EL QUE ESPERA DESESPERA SIN RAZÓN

     A veces creo que nada ocurre por casualidad. Bueno, a veces no, casi siempre pienso eso. Podría decir incluso que estoy casi segura de que todo sucede por algo y para algo, incluyendo lo que se nos desmorona, fracasa, no sale, se tuerce y hasta nos destroza... Hay una razón. Pero aunque sepa esto, eso no me ha librado en mi vida del sentimiento de frustración o impaciencia por las cosas no logradas o cuya llegada parecía retrasarse. Nos decimos que la vida es una constante espera. Y sí. Y al tiempo no. Porque esperando lo.que sea que aguardemos, solemos muy erradamente privarnos de vivir. Y no sé si se trata de una actitud fruto de la sociedad en la que vivimos y del circo que hemos montado, pero incluso cuando es cierto que hay que darle tiempo a ciertos asuntos, el modo en el que lo hacemos no es correcto en absoluto. ¿Por qué? Muy sencillo. Esperar no supone quedarse parado al borde del camino, ni en pausa. Esperar significa, creo, saber que no es nuestro momento para vivir determinados acontecimientos, pero no por eso hemos de quedarnos sentados en una silla hasta que se dé ese supuesto. Es más, creo también, que resulta de imperiosa necesidad continuar dando vida a los días para, precisamente, precipitar y provocar que todo se mueva. Y así, de ese modo, con el devenir de los acontecimientos es como llegaremos a toparnos de bruces con lo tan esperado para que, ahora ya más vividos, saber si nos quedamos con ello o lo dejamos pasar. Tras una espera no somos los mismos. Tras una espera activa, quiero decir, ya que el cúmulo de sucesos experimentados y de emociones sentidas nos han cambiado. Con suerte, a mejor. 

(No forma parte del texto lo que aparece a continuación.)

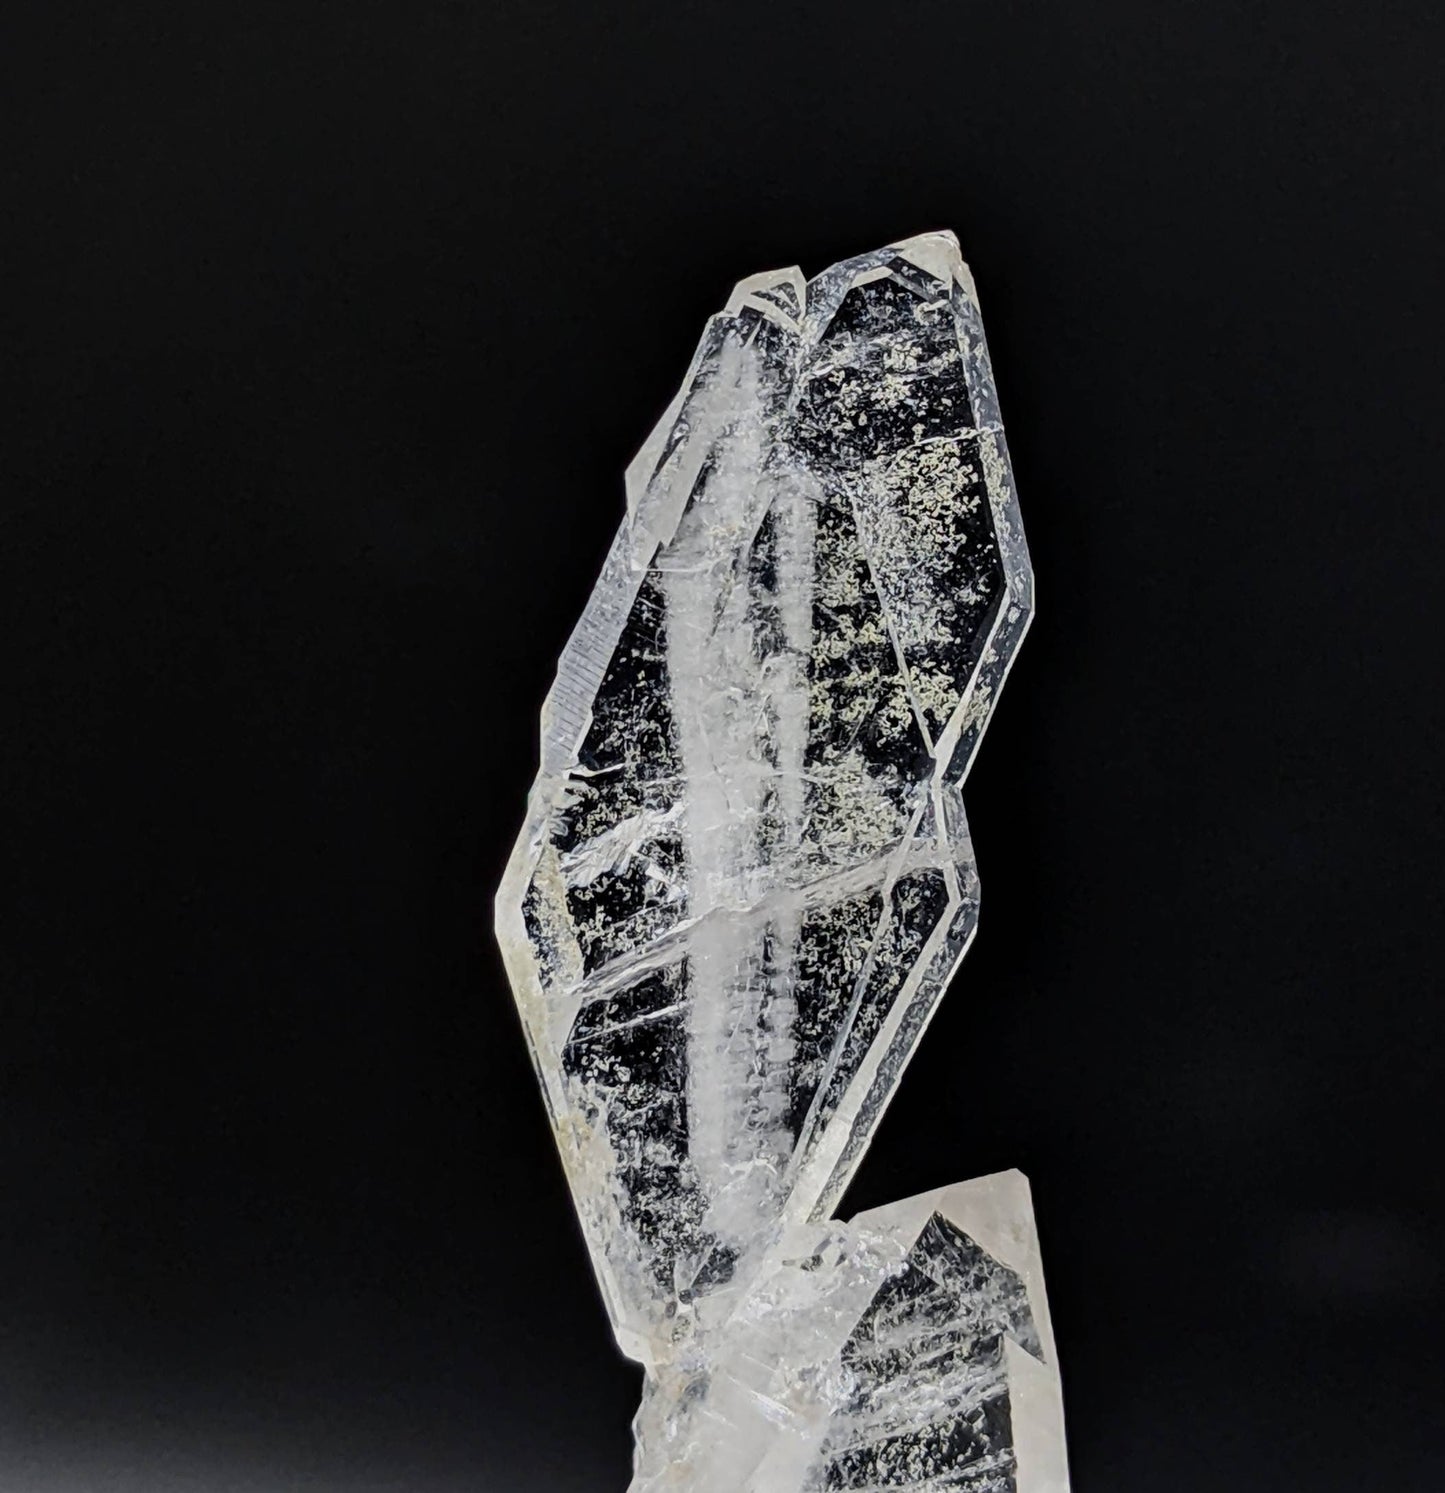 ARSAA GEMS AND MINERALSAesthetic crystal of Faden quartz with another quartz grown on top from Baluchistan Pakistan, 10 grams - Premium  from ARSAA GEMS AND MINERALS - Just $45.00! Shop now at ARSAA GEMS AND MINERALS

   Hoy por hoy, a mi edad, creo que es este el principio más importante que he de interiorizar, sabedora como soy de que no es en absoluto sencillo. Es ahora cuando me lo planteo y ahora cuando necesito imperiosamente bebérmelo de un trago para entender, para crecer, para no ser infeliz y para no frustrarme. Es un denominador común ese sentido de la espera por lo que haya de llegar. En mi caso es un sentir muy marcado desde que era muy joven, porque por circunstancias muy concretas tuve que armarme de paciencia y esperar algo más que el resto. Esperar por estudios, por trabajo, por vida sentimental, por independencia, por vivienda, por estabilidad, por amor, por ser madre,... Y hubo mucho de eso que nunca llegó. ¿La causa? Lo enfoqué mal, porque paré, o al menos ralenticé, la maquinaria en dicha espera. Y con ello esperé también por cuestiones que debí haber descartado. Fueran como fueran los acontecimientos, las cosas salieron así y hoy me obligo a encajar lo que supone y lo que no el concepto de espera vital.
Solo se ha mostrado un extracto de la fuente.